# Grizzly Cabinet Saw Review G0690



## NBeener (Sep 16, 2009)

I'm two things:

1) Slightly envious of your new saw, and …

2) Very grateful for your review.

Grizzly is definitely on my short list for … if I ever upgrade to a cabinet saw … along with SawStop, Unisaw, PMs, General, and …. more likely … an old Uni that I fix up.

Enjoy it !


----------



## scarpenter002 (Sep 16, 2007)

Very nice review. Grizzly is also on my short list, though I am still a year out on my purchase.


----------



## RUINTUIT (Jan 2, 2009)

You mention you "can't use a thin kerf" blade. Is this due to the size of the riving knife, and if so, is there no option to switch out that knife for a thinner version? I'd like to move up to a nice cabinet saw from my trusty Craftsman w/Incra TSLS-32 setup and these are things I'll need to know when making my own decision about which saw down the line. Thanks.


----------



## FMG (Jun 1, 2009)

Sherwood,
Great review. I just bought a GO690 about 10 months ago and am very pleased also. I am using a Forest Woodworker II thin kerf (3/32) blade with no trouble. Thought you might want to try that. How do you like the shop fox base? I have an HTC3000 and it works but not overly impressed. The shop fox casters and stabilizer/leveling set up looks a little nicer but never saw one up close.


----------



## Recut (Sep 13, 2009)

I also have a Grizzly and have been extremely happy with it. Up until now the only complaint I have had with my saw was the dust pickup. Thanks for the idea of the weather stripping on the cabinet door. I hope it helps. I hope you have nothing but happy experiences with your new saw.
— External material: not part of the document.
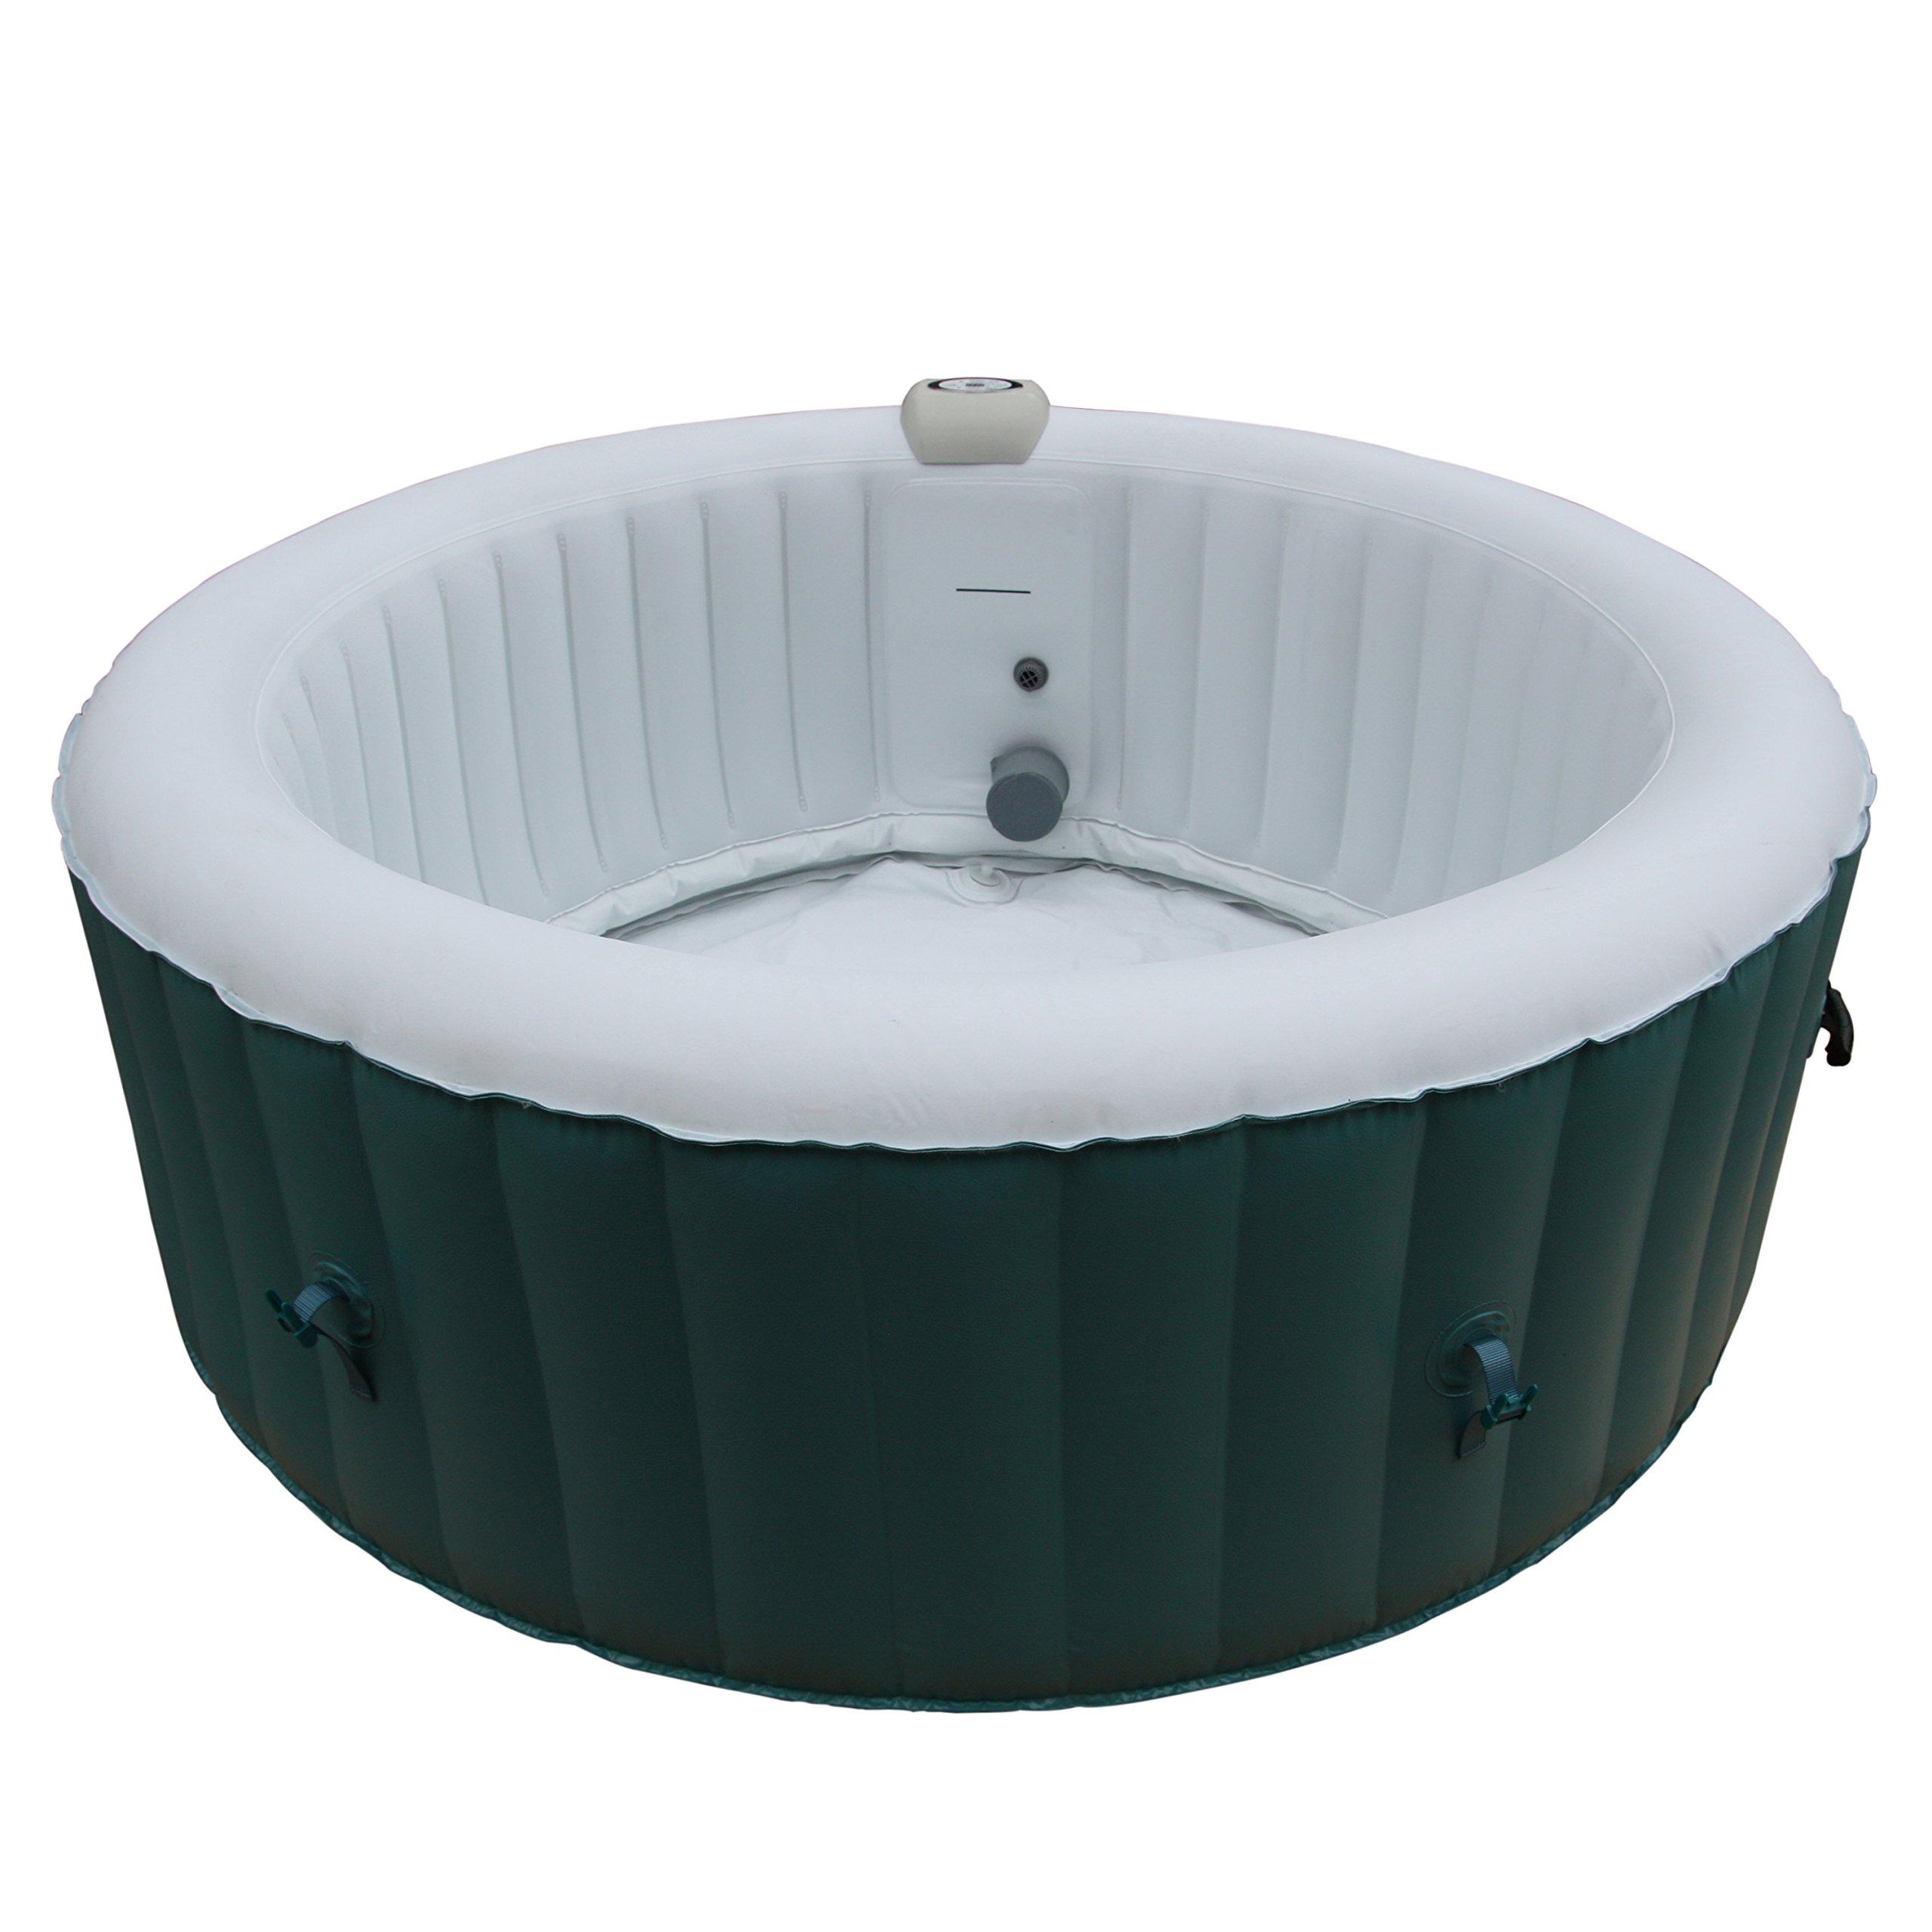 ALEKO HTIR4BLL Round Inflatable Hot Tub Personal Spa, 4 Person, 215 Gallon, Light Blue by ALEKO

The only problem that I have heard from others is the inability to find the On-switch without looking down for it. I resolved this small issue with a stick-on button. This was at the suggestion of a friend that happens to be blind.


----------



## Sherwood (Jan 13, 2011)

RUINTUIT,

The Riving Blade or Splitter can accommodate a body of .071 ~ .094 and a kerf of .102 ~ .126. This is printed on the Riving Knife. As far as I know Grizzly does not offer a solution for thin kerf blades unless the blade falls into the thicknesses above.

I figure the saw has a 3hp motor so I have opted for blades on the thick side. Might help with stability too. Not sure.

Dave


----------



## Sherwood (Jan 13, 2011)

FMG,

Thanks for the suggestion on the blade.

I have seen a lot of negative comments on the Shop Fox base but I'm quite satisfied with mine. I have one on my table saw which is about 500lbs and it handles it well and is stable.

I also have one on my band saw which does not stretch its capacity at all due to the relatively light weight of ~200lbs and one on my drill press.

Dave


----------



## Sherwood (Jan 13, 2011)

Recut,

Thanks for the suggestion for the on button. I have the same issue since it is flush.

Dave


----------



## ND2ELK (Jan 25, 2008)

I have a friend that just bought this saw not that long ago and is very pleased with it.


----------



## khays (Aug 16, 2009)

Nice review Sherwood and congrats on the new saw. I like the idea of weatherstripping and the cable.

I think that Grizzly offers a really good value for the money.

With the saw being 3hp most would probably just use a reg keff blade since it's got the muscle behind it.

Welcome to LJ btw also  Looking forward to other reviews and projects.

Kevin


----------



## LateNightOwl (Aug 13, 2009)

Congratulations on your new saw. I've had my G0690 for about a year and it has performed wonderfully.

Thanks for the weatherstripping tip! Why didn't I think of that? LOL!


----------



## mrjoeg (Jan 14, 2011)

Good job on the 12/2 so cord with the NEMA L- 620 plug.


----------



## Tommyboy62 (Feb 29, 2016)

Just purchased the G0690 and will be delivered tomorrow. Stay tuned for updates on the good and hopefully not good!


----------